Molecular Mechanisms of Tumor Progression and Novel Therapeutic and Diagnostic Strategies in Mesothelioma

Abstract

Mesothelioma is characterized by the inactivation of tumor suppressor genes, with frequent mutations in neurofibromin 2 (NF2), BRCA1-associated protein 1 (BAP1), and cyclin-dependent kinase inhibitor 2A (CDKN2A). These mutations lead to disruptions in the Hippo signaling pathway and histone methylation, thereby promoting tumor growth. NF2 mutations result in Merlin deficiency, leading to uncontrolled cell proliferation, whereas BAP1 mutations impair chromatin remodeling and hinder DNA damage repair. Emerging molecular targets in mesothelioma include mesothelin (MSLN), oxytocin receptor (OXTR), protein arginine methyltransferase (PRMT5), and carbohydrate sulfotransferase 4 (CHST4). MSLN-based therapies, such as antibody-drug conjugates and immunotoxins, have shown efficacy in clinical trials. OXTR, upregulated in mesothelioma, is correlated with poor prognosis and represents a novel therapeutic target. PRMT5 inhibition is being explored in tumors with MTAP deletions, commonly co-occurring with CDKN2A loss. CHST4 expression is associated with improved prognosis, potentially influencing tumor immunity. Immune checkpoint inhibitors targeting PD-1/PD-L1 have shown promise in some cases; however, resistance mechanisms remain a challenge. Advances in multi-omics approaches have improved our understanding of mesothelioma pathogenesis. Future research will aim to identify novel therapeutic targets and personalized treatment strategies, particularly in the context of epigenetic therapy and combination immunotherapy.
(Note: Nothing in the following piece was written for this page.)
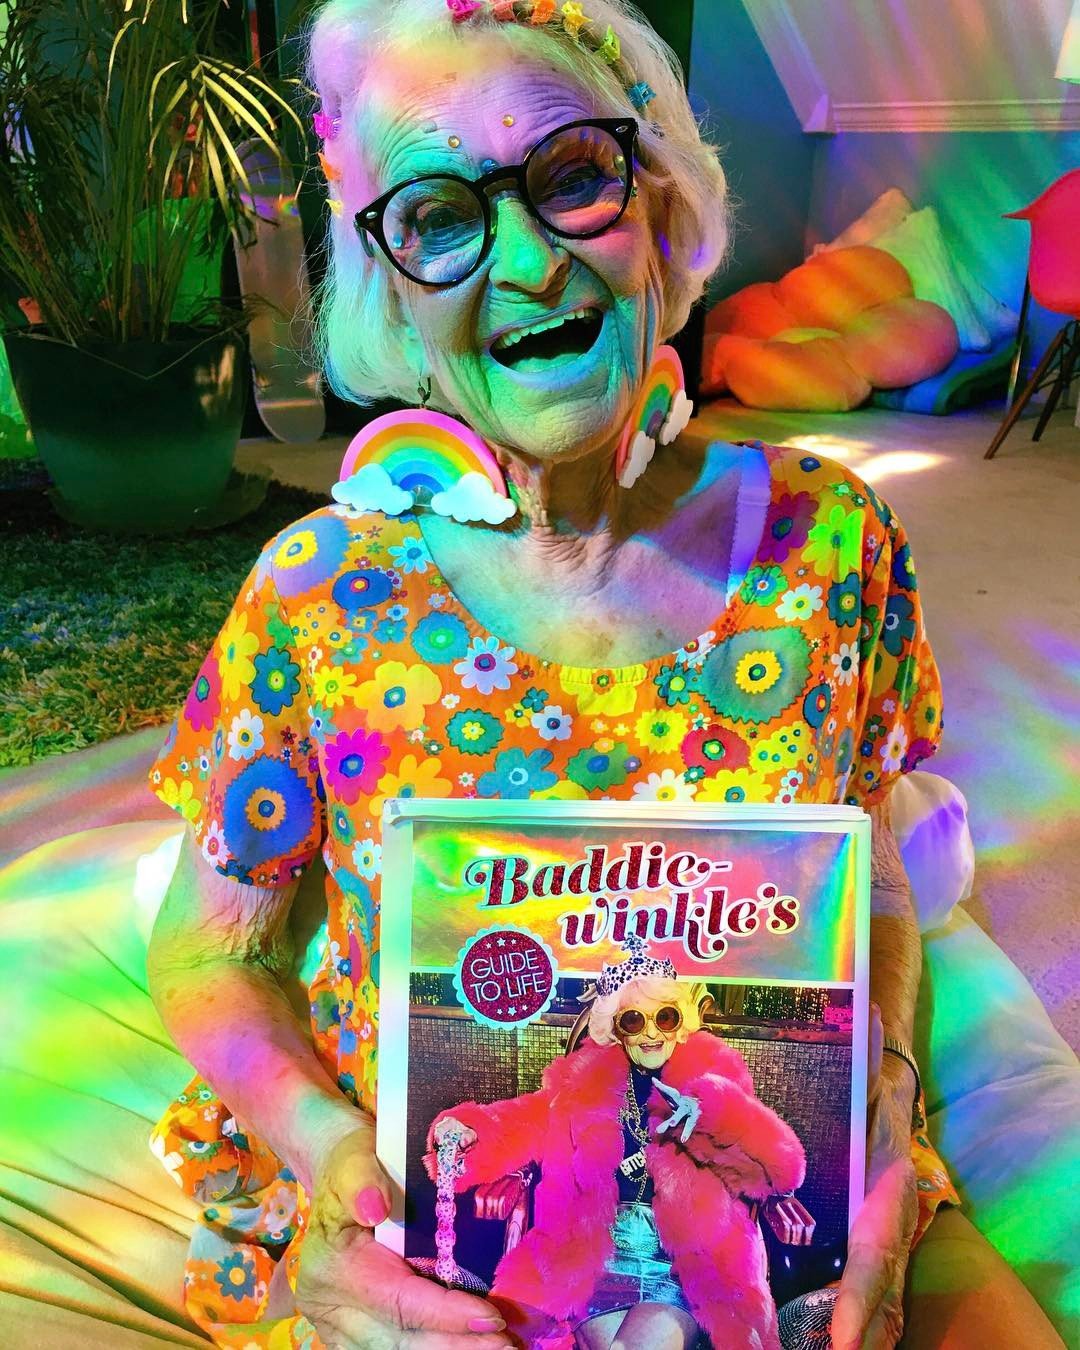 88-річна блогер Бадді Вінкль підкорила світ мегаяскравими нарядами - фото 325983

Keywords: BAP1; CHST4; FAK; Hippo signaling pathway; OXTR; immune checkpoint inhibitors; mesothelioma.

Figure 1

A schematic illustration depicting the dysregulation of the NF2/Merlin-Hippo signaling cascade in mesothelioma cells. Extracellular signals are transmitted through cell–cell interactions (via cadherins), cell–matrix interactions (via integrins), and growth factor receptors, such as receptor tyrosine kinases, influencing the tumor-suppressive function of Merlin. When Merlin is in an active, underphosphorylated state, it modulates the Hippo signaling cascade and inhibits the activity of YAP1/TAZ transcriptional coactivators. However, in mesothelioma cells, frequent alterations in Merlin (the NF2 gene product) and key Hippo signaling pathway components, including LATS1/2, lead to YAP1/TAZ activation (underphosphorylation). This, in turn, promotes the expression of multiple pro-oncogenic genes.

Figure 2

Transcriptional regulation machinery comprising BAP1, PRC1, and PRC2. BAP1 is a major deubiquitinase that removes H2AK119Ub, a histone marker deposited by the PRC1 complex. BAP1 loss leads to H2AK119Ub accumulation, which in turn promotes recruitment of the PRC2 complex including EZH2, resulting in elevated H3K27me3 levels and transcriptional repression.

Figure 3

The CDKN2A gene produces two distinct tumor suppressor proteins through alternative reading frames, namely, p16INK4A (P16), derived from the alpha transcript, and p14ARF (P14), derived from the beta transcript. These proteins play pivotal roles in halting cell cycle progression, particularly during the G1 to S phase transition.

Figure 4

Role of CHST4 in lymphocyte homing and mesothelioma. Lymphocytes begin their interaction with high endothelial venules by binding L-selectin to its ligand, leading to integrin-mediated adhesion and transendothelial migration. Sulfation by CHST4 plays a pivotal role in the enhancement of lymphocyte homing and the chemokine-induced activation step of this sequential adhesion process. In mesothelioma, CHST4 mRNA expression exhibited a substantial correlation with immune–gene signatures representing tumor-infiltrating lymphocytes. CHST4 is hypothesized to contribute to tumor immunity against mesothelioma via lymphocyte infiltration.